Both deals were worth around $3 million and were struck on an EBITDA multiple of around three times – and were earnings accretive from day one.
The RBH acquisition entailed an up-front payment of $1.8 million, with the remaining $1.2 million deferred over 12 months at an interest rate of 8.5 per cent.
Shelby says a key benefit of both acquisitions is they can be absorbed into Babylon’s existing operations without additional overheads, with profits flowing through to the bottom line.
From a standing start in 2017, Babylon has always been acquisitive. In July 2019 the company purchased the Mackay-based diesel specialist Primepower Queensland for $4.2 million in cash and scrip; and in February 2021 the company bought water blasting and industrial services outfit Ausblast for $4.4 million upfront.

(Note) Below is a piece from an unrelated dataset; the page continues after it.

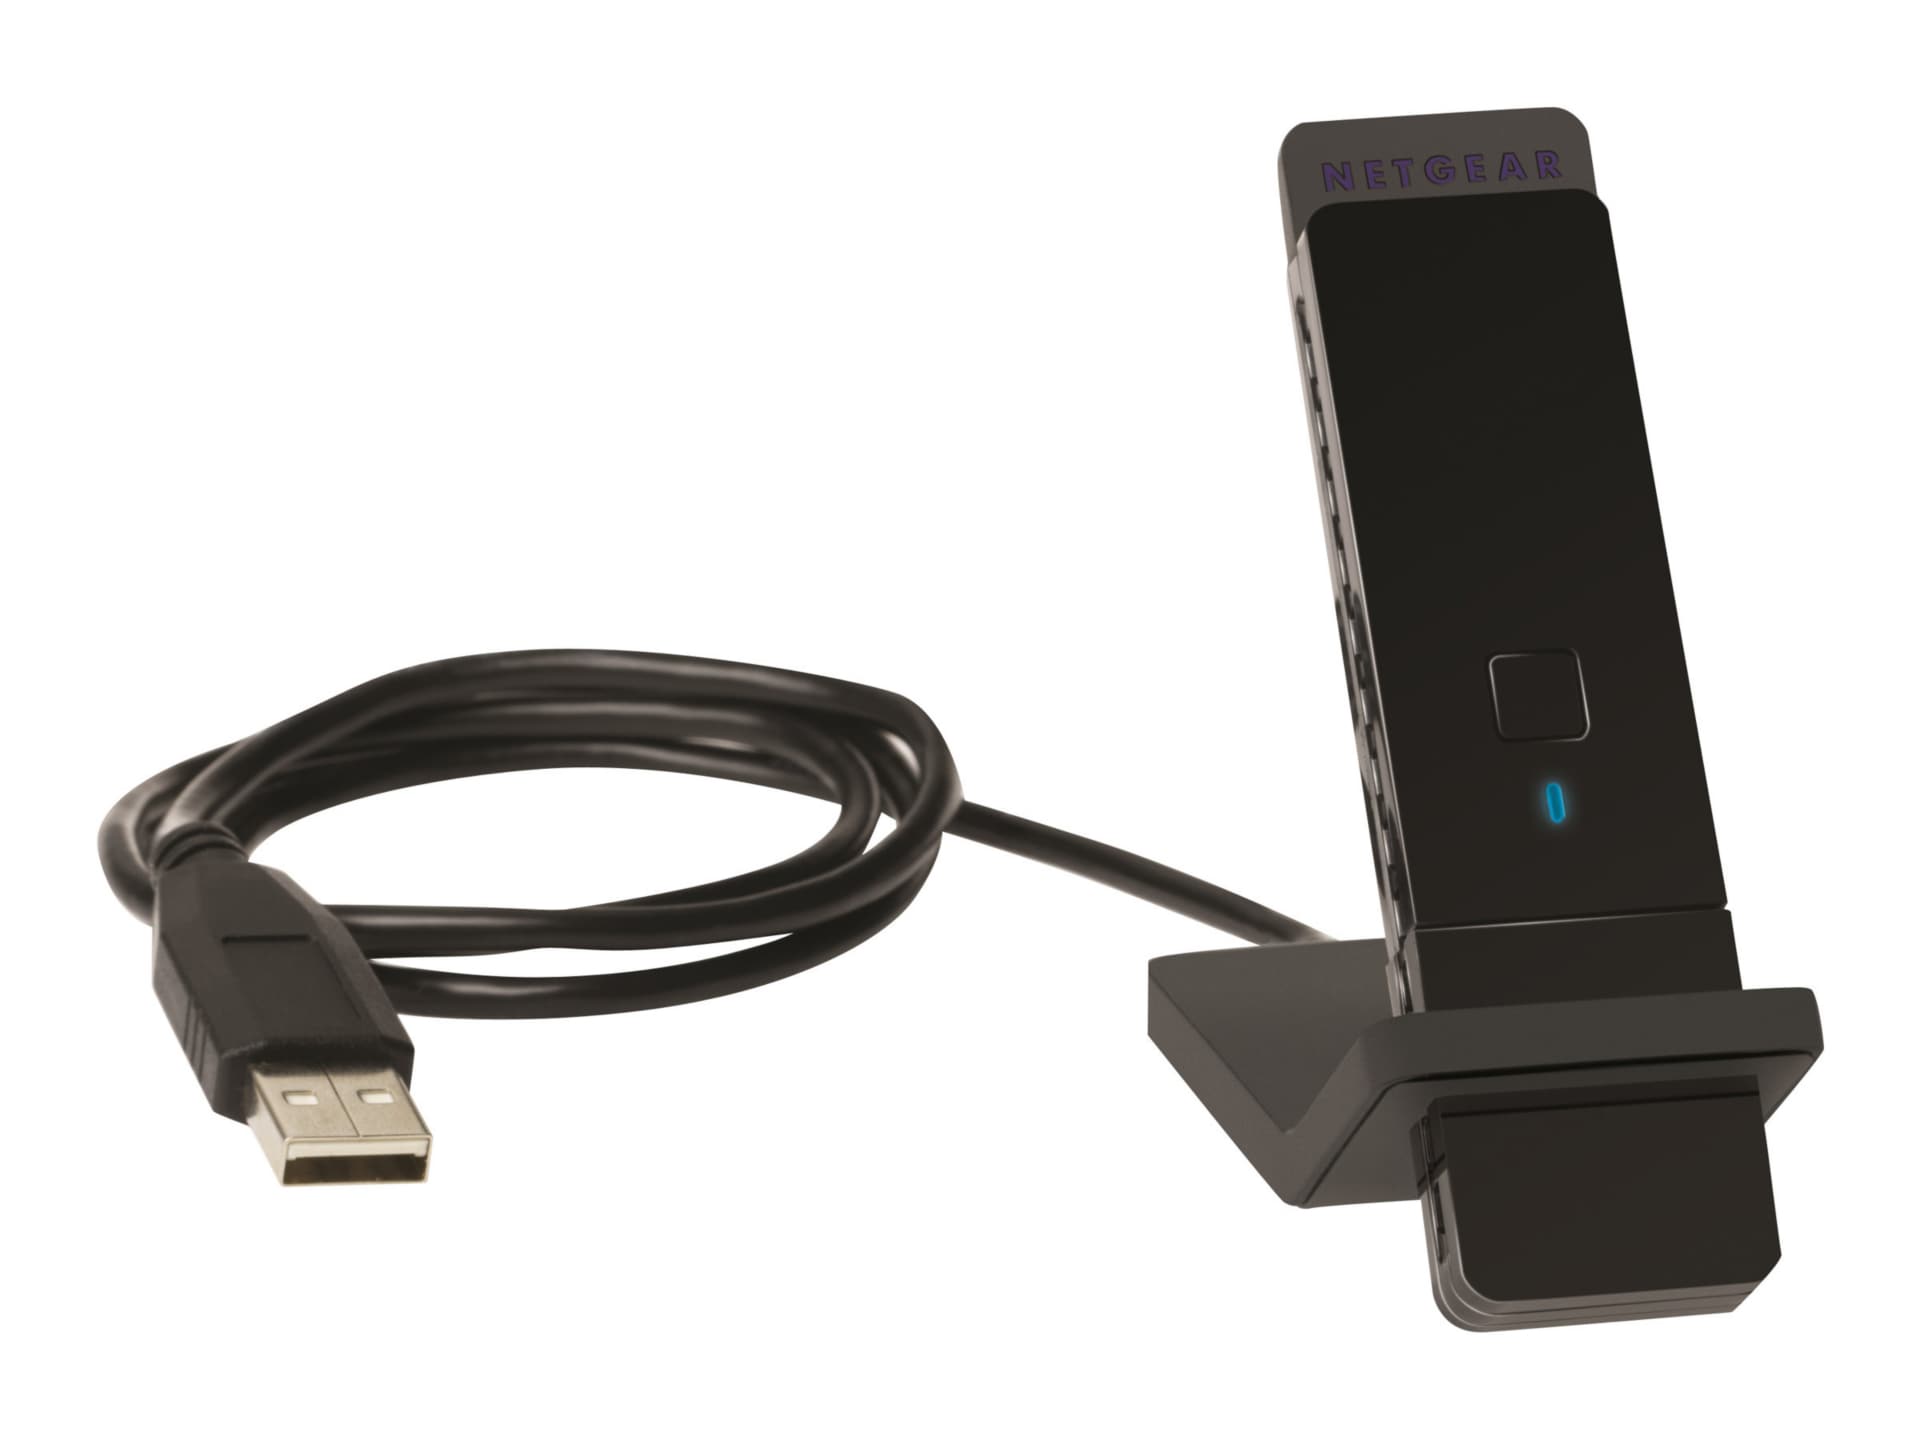 NETGEAR N300 WiFi USB Adapter (WNA3100-100ENS)

Despite the earnings turnaround, Shelby says the maintenance division still is considered non-core and the company is exploring options to monetise this segment.

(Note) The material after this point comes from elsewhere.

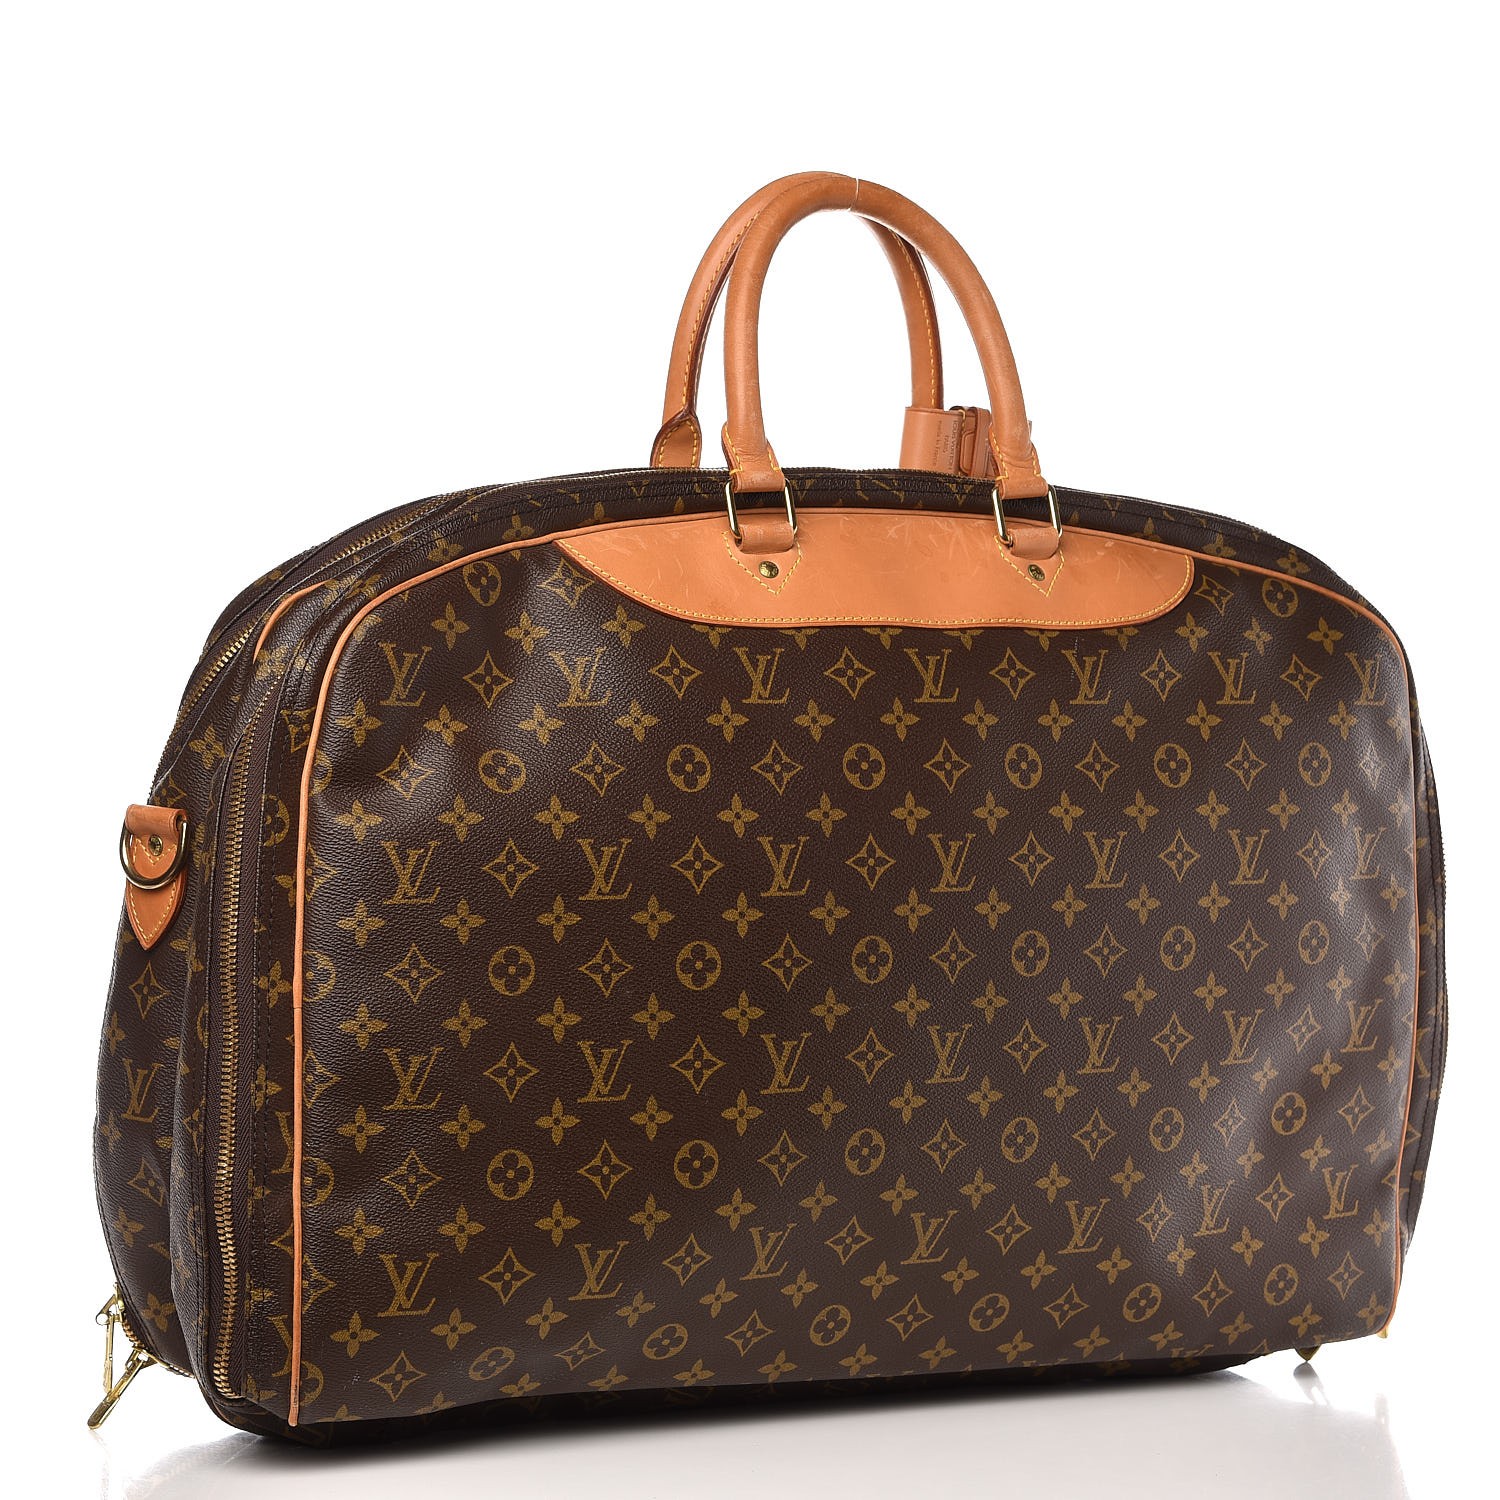 Best Louis Vuitton Handbag For Travel

“But now it’s worth more if we sell it off so it is a better position to be in,” he says.
On the flipside, Babylon is eyeing some more bolt-on water acquisitions, in a climate in which many proprietors are getting long in the tooth.
“The resources boom meant a wave of people who have made good money over decades, but are of a certain vintage and tired of running day-to-day operations,” Shelby says.

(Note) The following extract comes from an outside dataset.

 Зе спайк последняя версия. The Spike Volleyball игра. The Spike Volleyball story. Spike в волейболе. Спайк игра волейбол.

“Typically, they are family affairs with $10 million-a-year revenue or below, but the kids aren’t interested in taking over.”
He adds that Babylon is appealing as an acquirer, because the vendors can take care of their valued employees and clients.
“The vendors are buying into Babylon’s ‘big picture’ vision, enabling us to deals including a meaningful scrip component.”
Meanwhile, Shelby describes trading conditions as “exceptionally busy” with heightened visibility on where the next dollar of revenue is likely to come from.
“In past years the sales cycle was short and you didn’t really know what would happen three months out,” he says. “Having this great visibility allows us to plan, enhance profitability and deliver better results for our clients.”
A trait of the water rental business is that work is renewed month by month, rather than secured by long-term contracts. But by and large, the large clients don’t move in a hurry.
“They don’t suddenly decide they don’t need to pump water,” he say. “When you have a piece of gear on a pontoon weighing 16 tonnes, it’s not like they will return it tomorrow.”
Furthering the efficiency drive, Babylon in January moved in to new purpose-built premises in the Perth suburb of High Wycombe, consolidating several Perth leases.
“Apart from operational efficiencies, the move is also enabling us to attract and maintain labour in a tight market,” Shelby says.
Meanwhile, Babylon remains in a tight financial position with cash of $2.12 million and $2.099 million of unused financing facilities. But Shelby notes the company settled $4.5 million of outstanding convertible notes last July, thus removing a sizeable interest rate burden.
The company has receivables of $5.2 million from its blue-chip client base, which includes Rio Tinto, BHP, Fortescue Mining and Alcoa and Newmont.
“The acquisitions are earnings positive and the banks continue to be supportive with asset financing,” Shelby says.
Despite Babylon’s progress, the share price has yet to gain the traction its earning trajectory would suggest, and the company bears a modest market capitalisation of $13.5 million.
The biggest holder, former Elders executive Geoff Lord, retains the faith with a 25 per cent holding which was increased in the recent recapitalisation.
“I turn up every day to do my job, which is to improve the earnings profile, de-risk the company and improve the balance sheet,” Shelby says.
He adds that the owners of both RWG and RBH showed faith in Babylon’s near-term prospects by agreeing to deferred payments.
Whatever growth avenues the company chooses, they will be navigated carefully.
“We are not all guns blazing for unsustainable growth,” Shelby says. “We have taken a breath and are carefully building a sustainable earnings profile through organic growth and earnings accretive acquisitions.”